**Information supplied:**
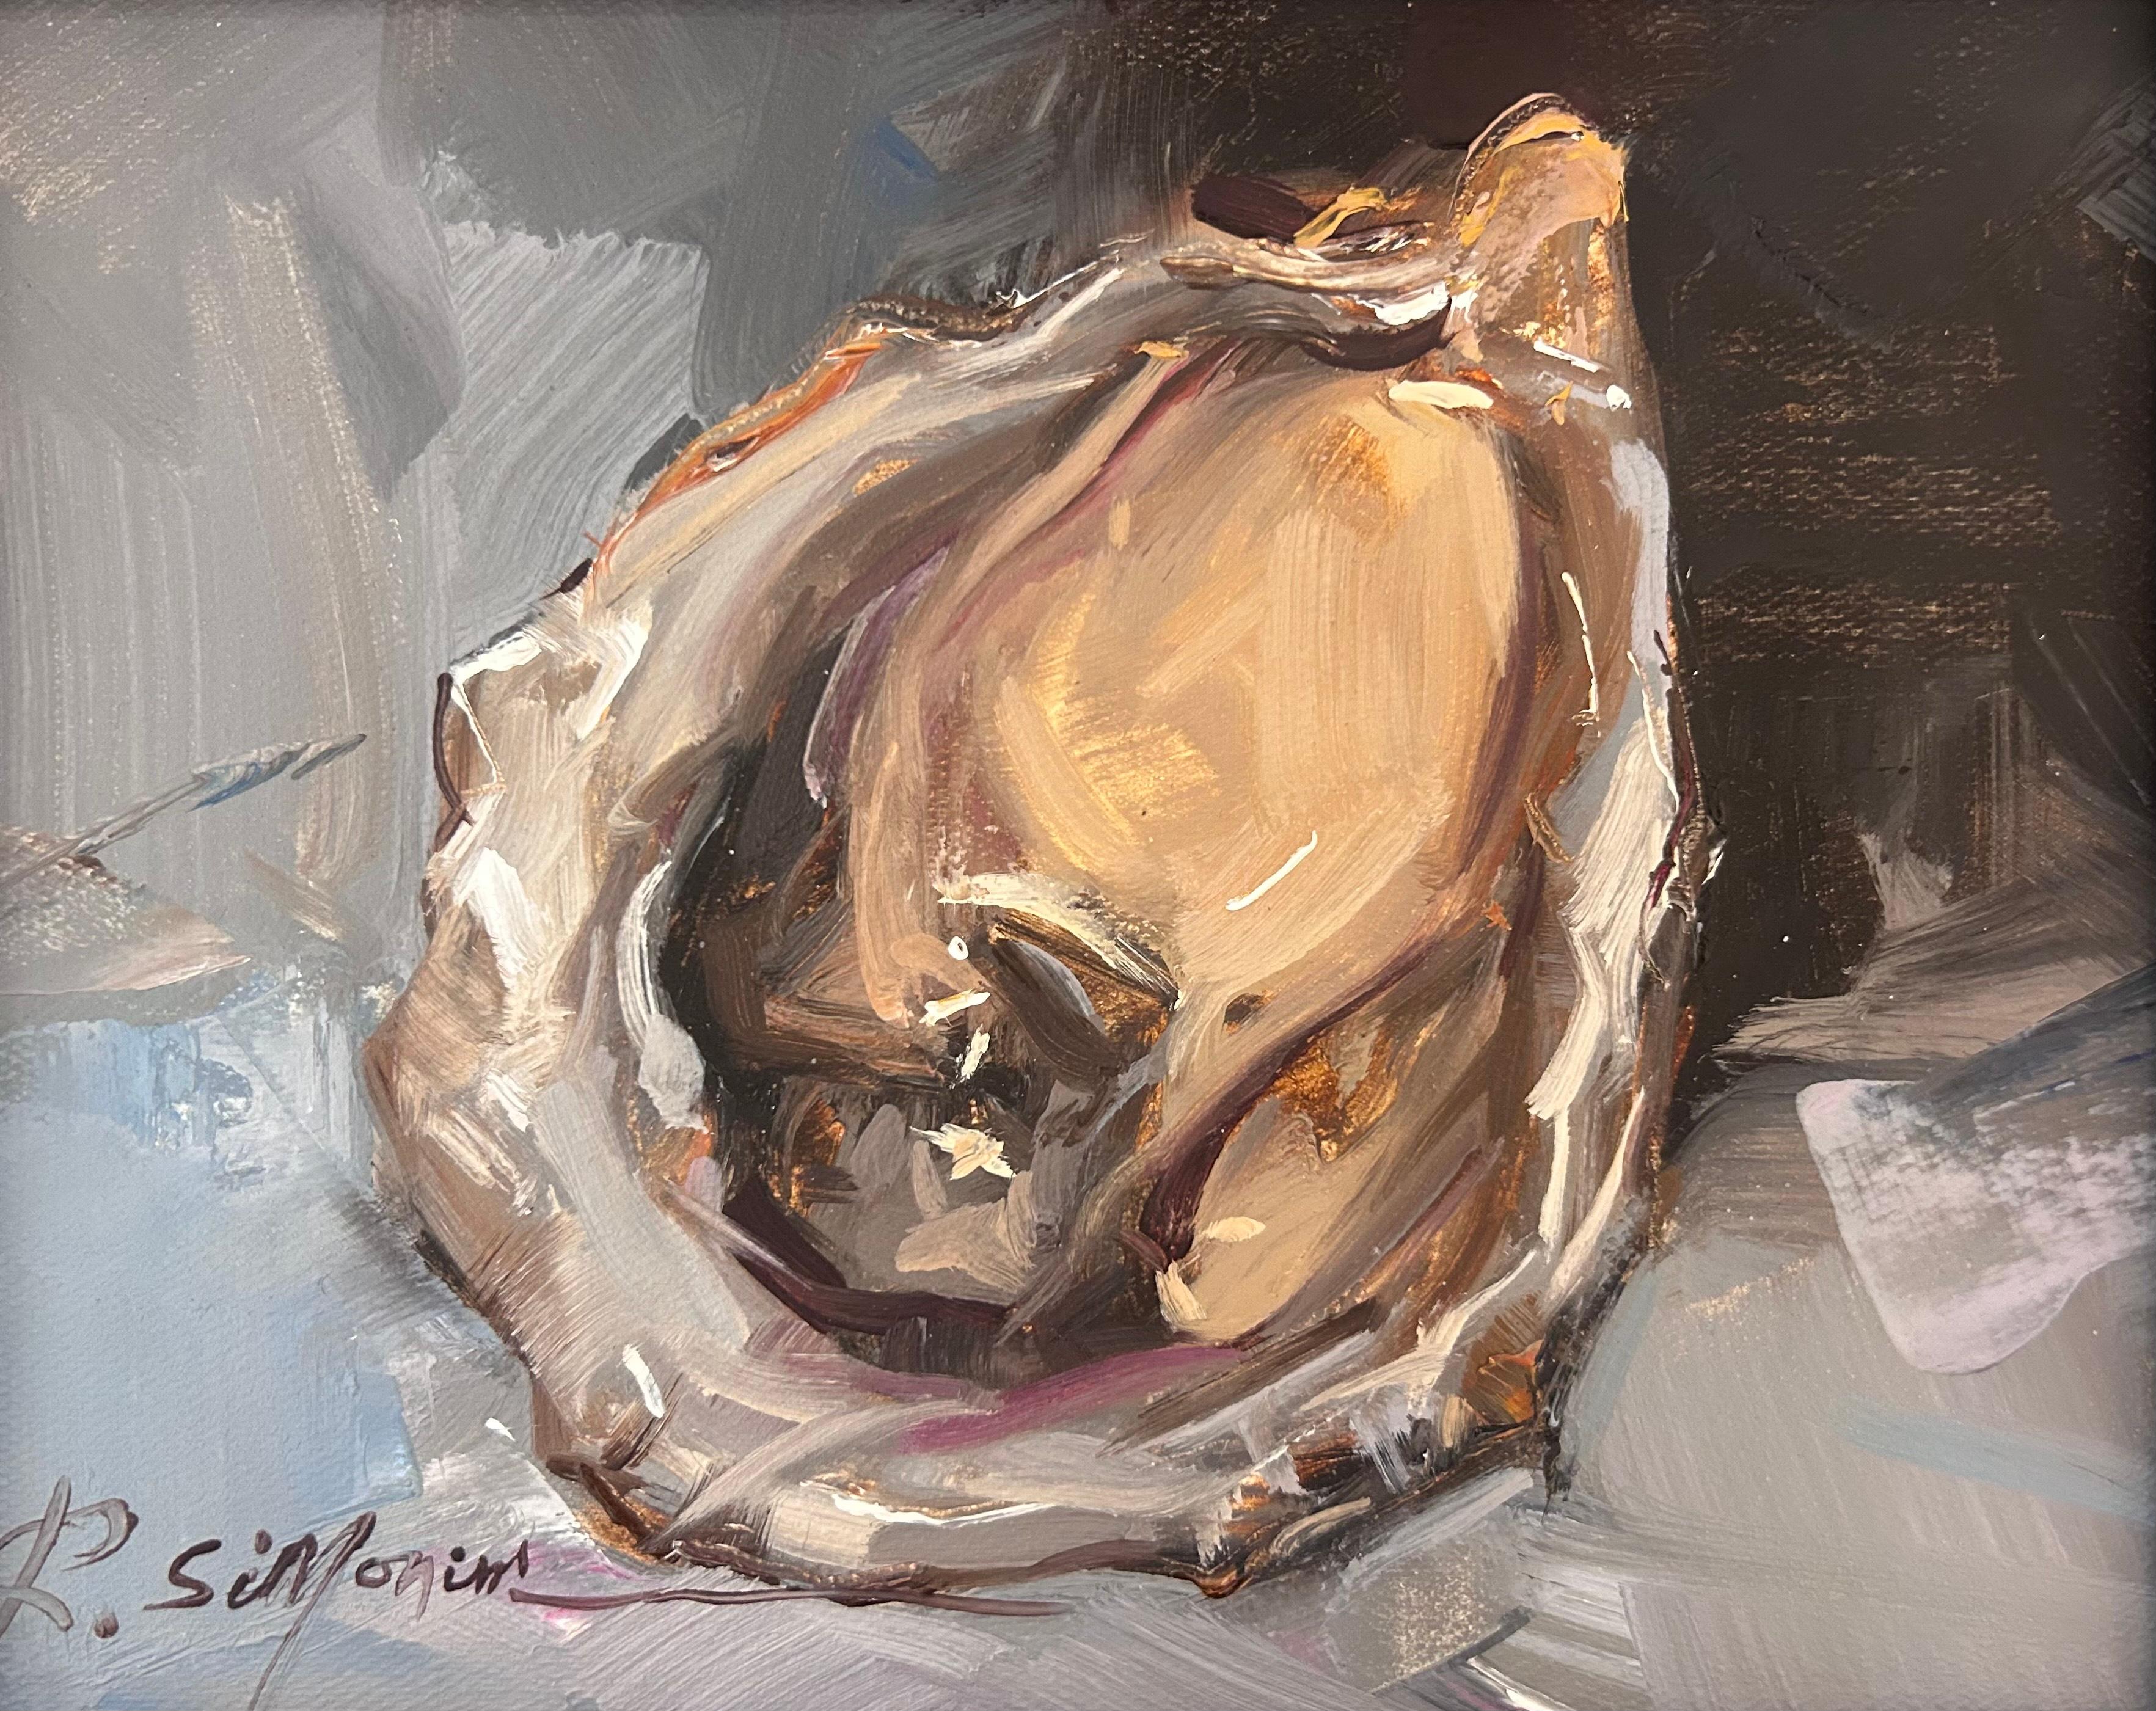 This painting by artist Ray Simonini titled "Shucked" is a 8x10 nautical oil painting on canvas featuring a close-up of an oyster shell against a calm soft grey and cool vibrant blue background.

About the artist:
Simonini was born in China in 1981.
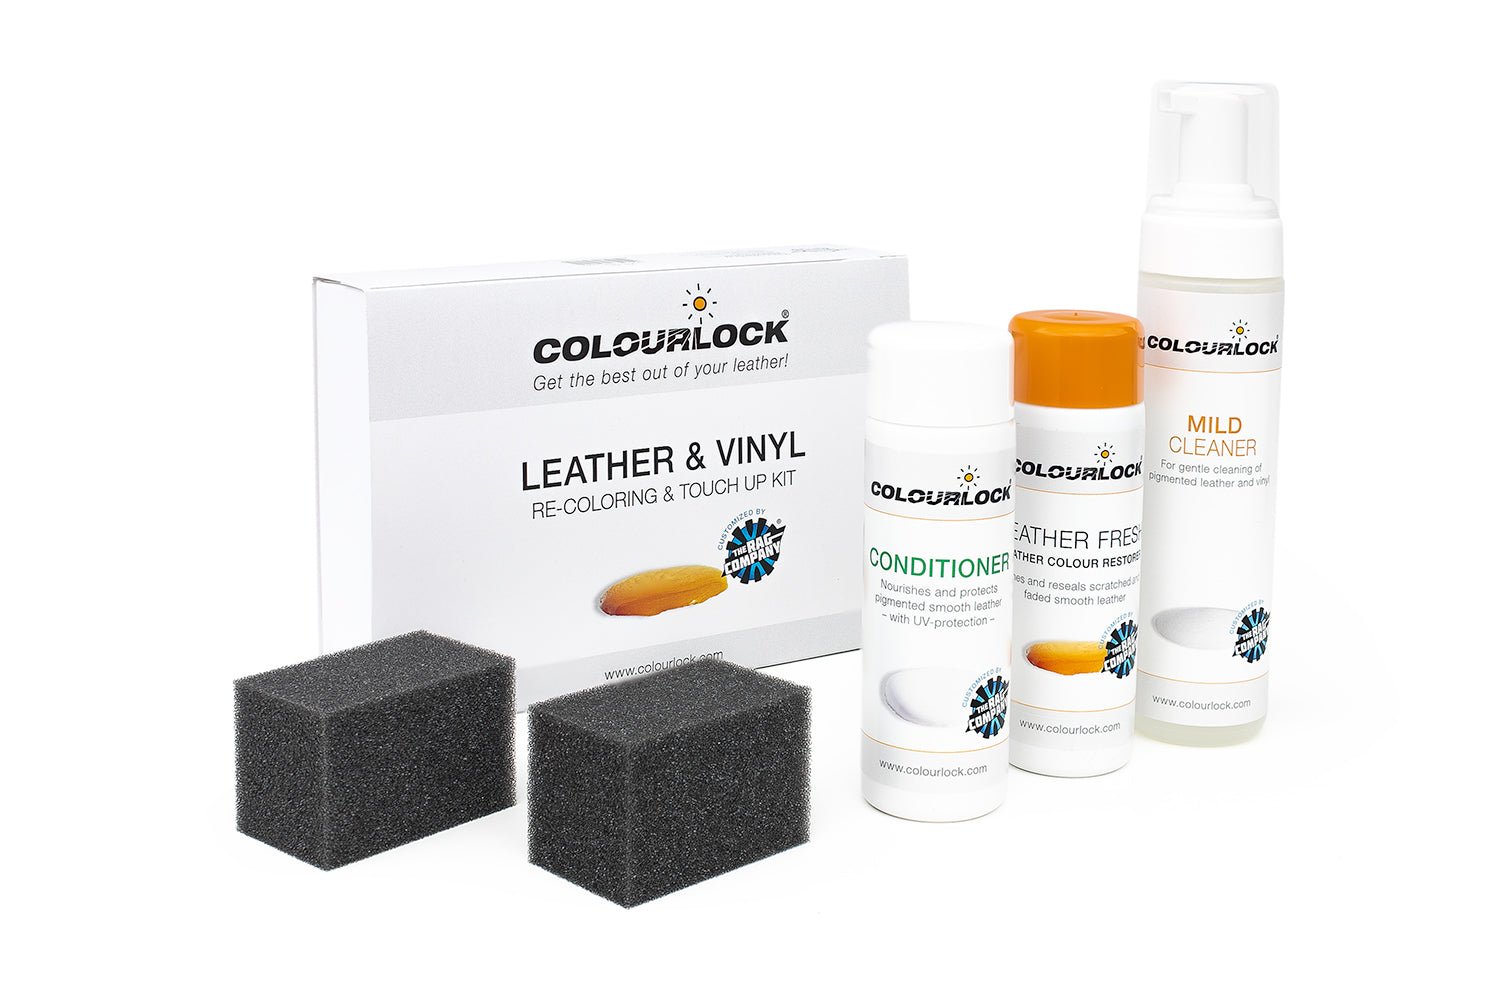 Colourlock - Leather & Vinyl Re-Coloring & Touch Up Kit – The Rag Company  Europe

**Work item:**
Output the listing unchanged, pictures excluded.

**Solution:**
 This painting by artist Ray Simonini titled "Shucked" is a 8x10 nautical oil painting on canvas featuring a close-up of an oyster shell against a calm soft grey and cool vibrant blue background.

About the artist:
Simonini was born in China in 1981.
 Colourlock - Leather & Vinyl Re-Coloring & Touch Up Kit – The Rag Company  Europe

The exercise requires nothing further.